◆ **Task description**
When you copy the material below, keep every line exact and omit the pictures.

◆ **Input data**

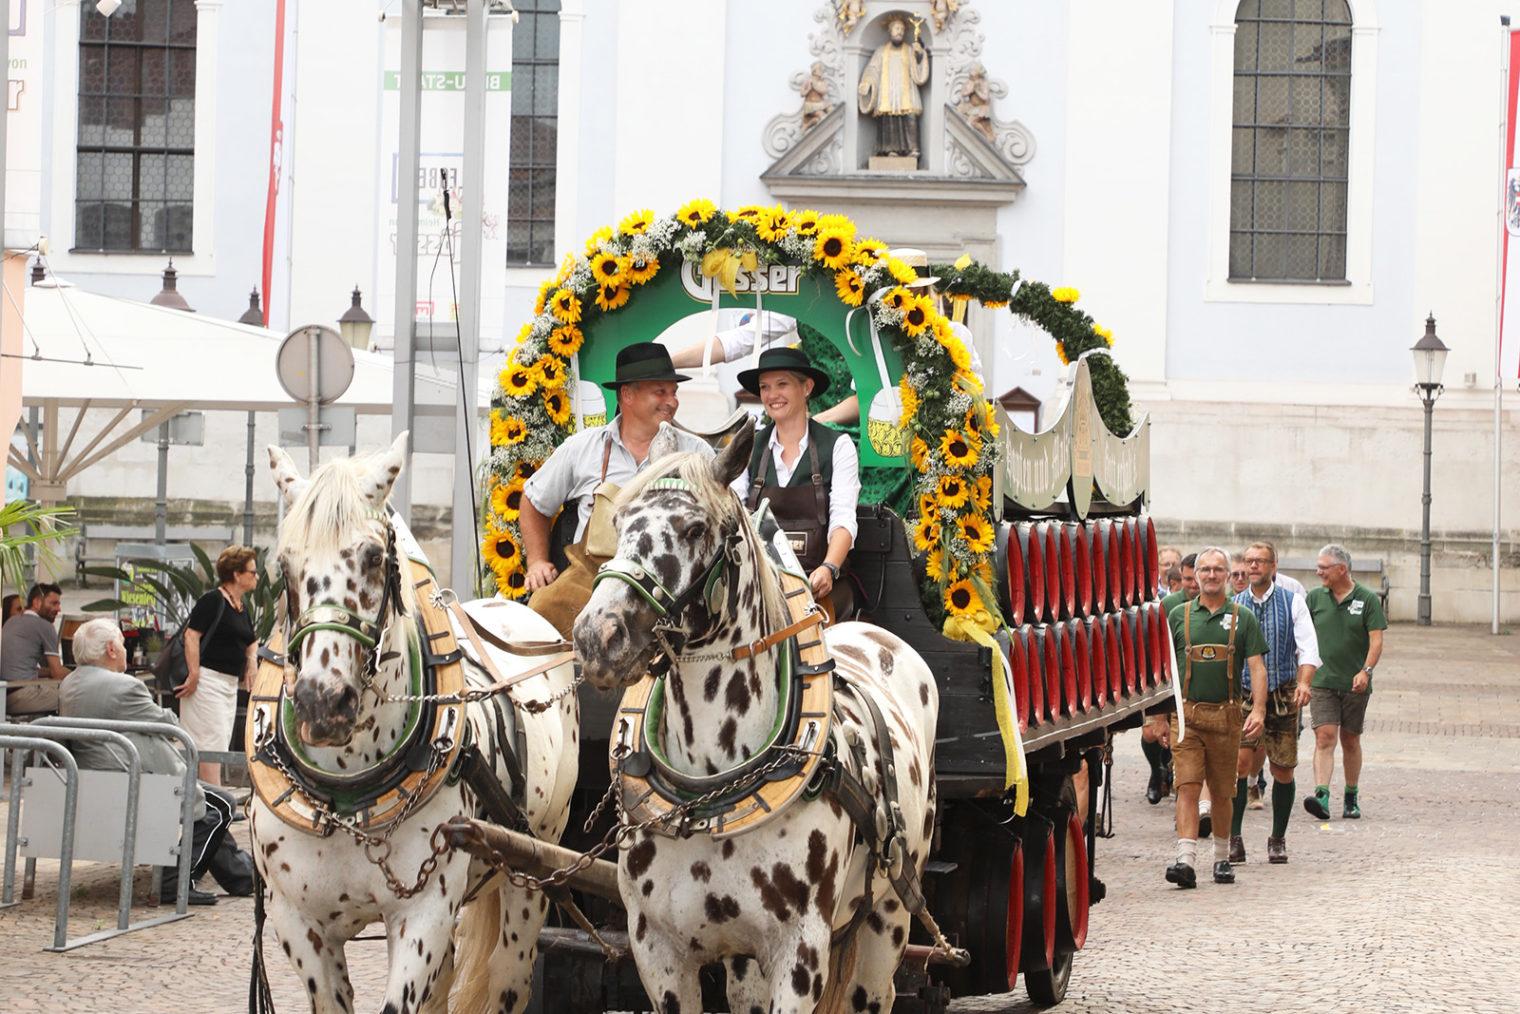 Geschmückte Pferdekutsche in der Leobener Innenstadt beim Braustadt Fest
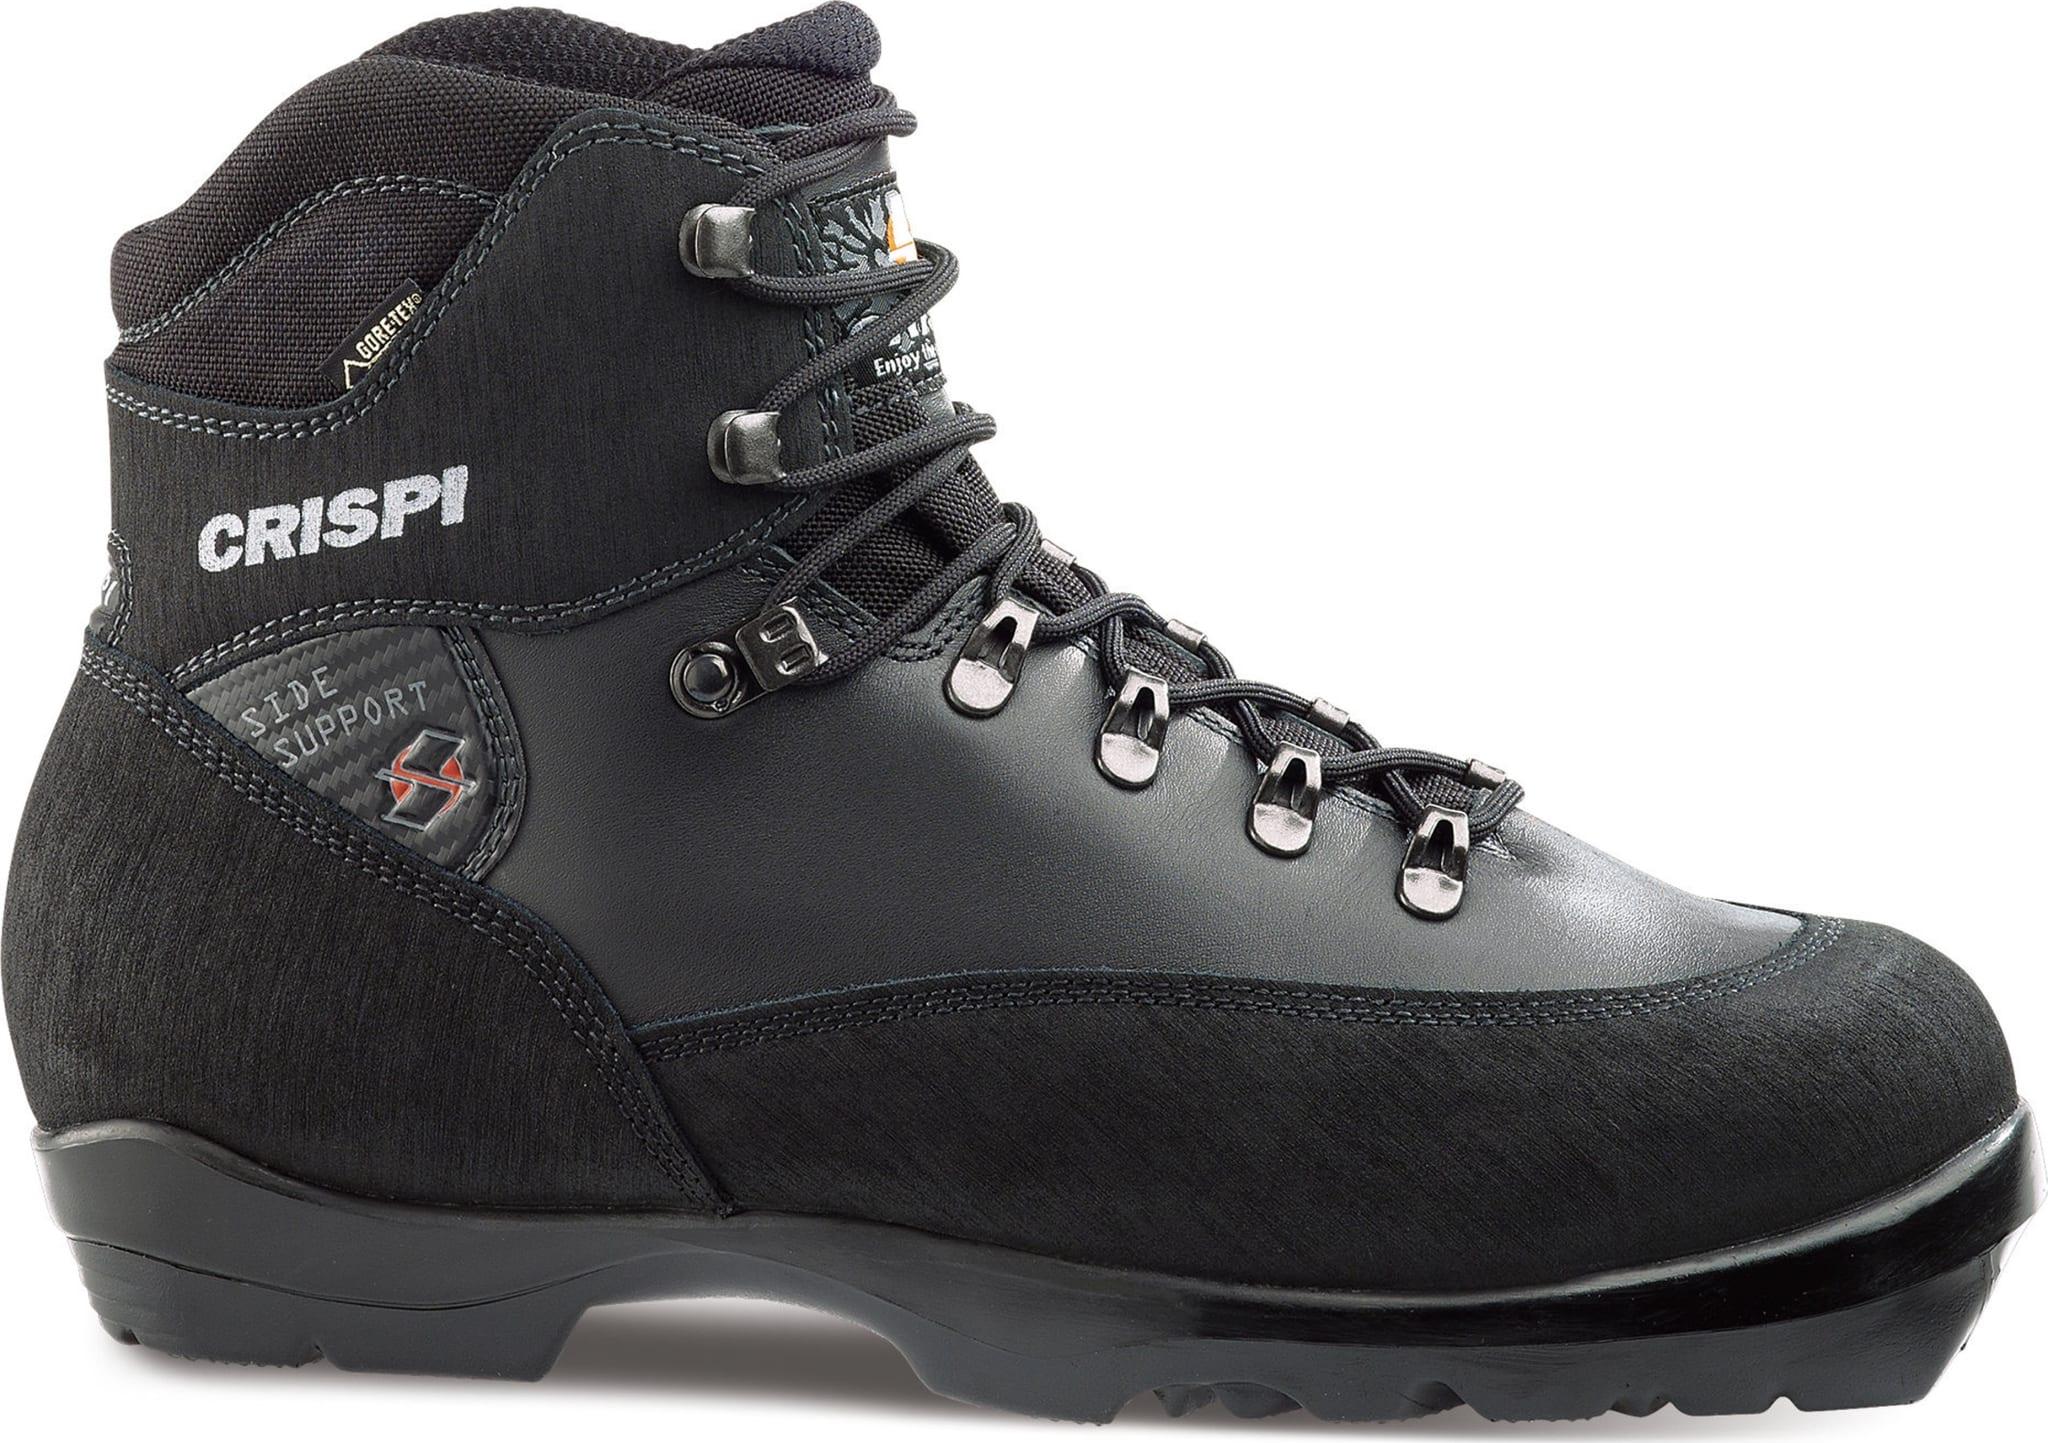 Komfortabel sko for turer i marka og på fjellet
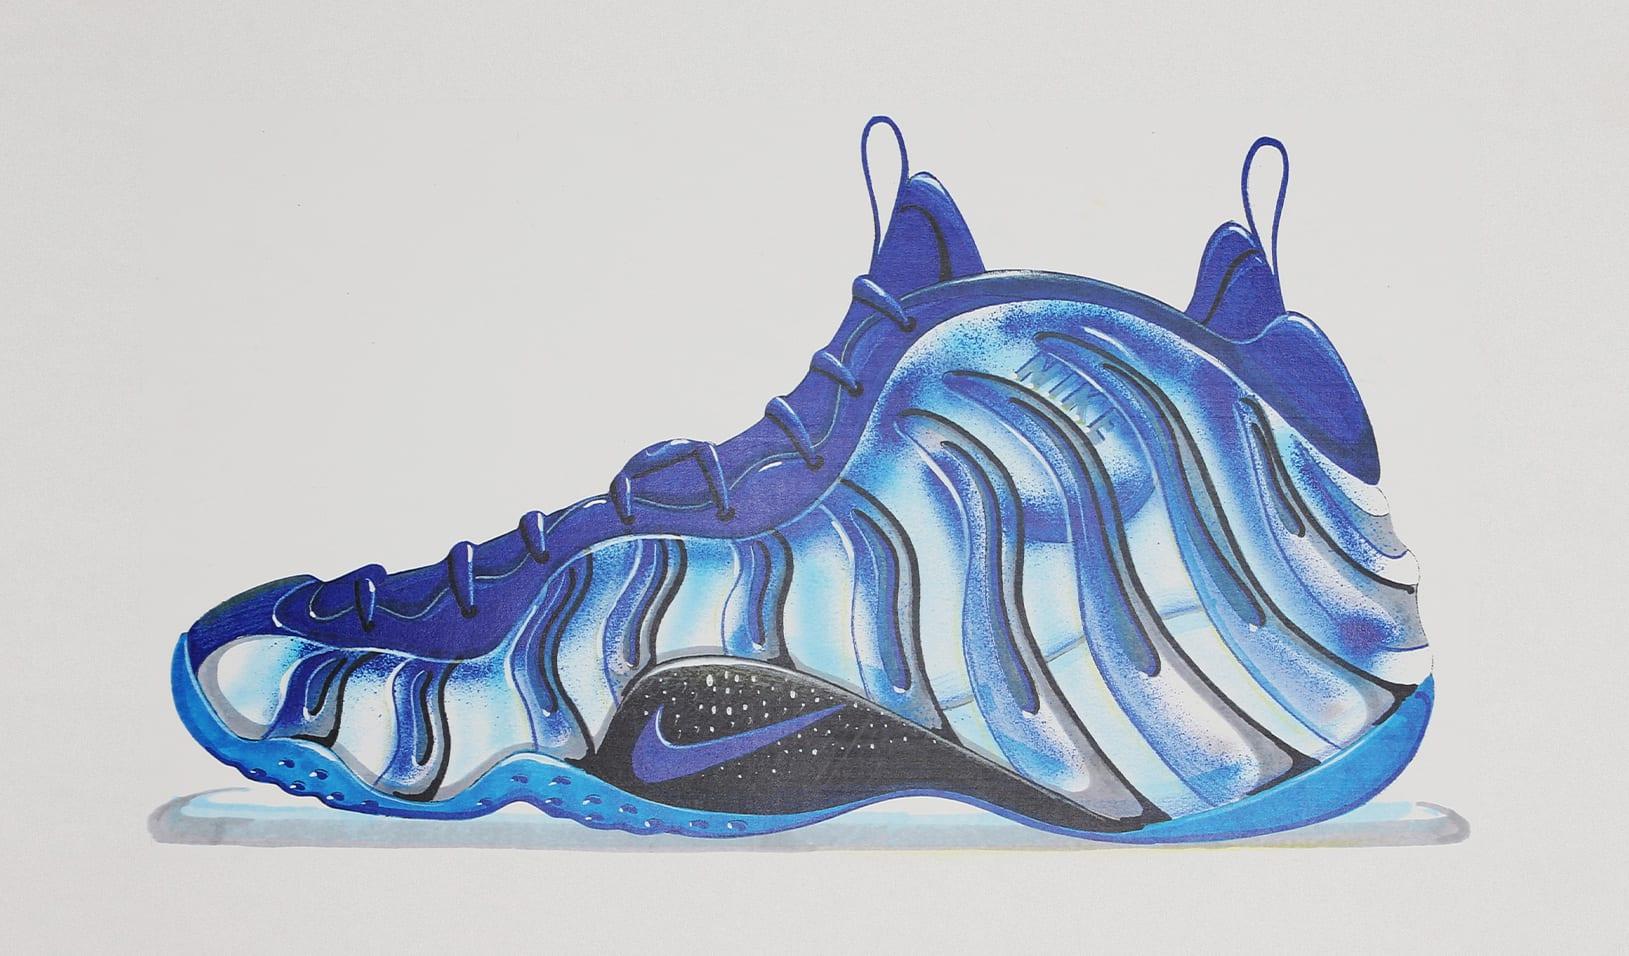 Nike Foamposite Sketch

◆ **Result of the exercise**
 Geschmückte Pferdekutsche in der Leobener Innenstadt beim Braustadt Fest
 Komfortabel sko for turer i marka og på fjellet
 Nike Foamposite Sketch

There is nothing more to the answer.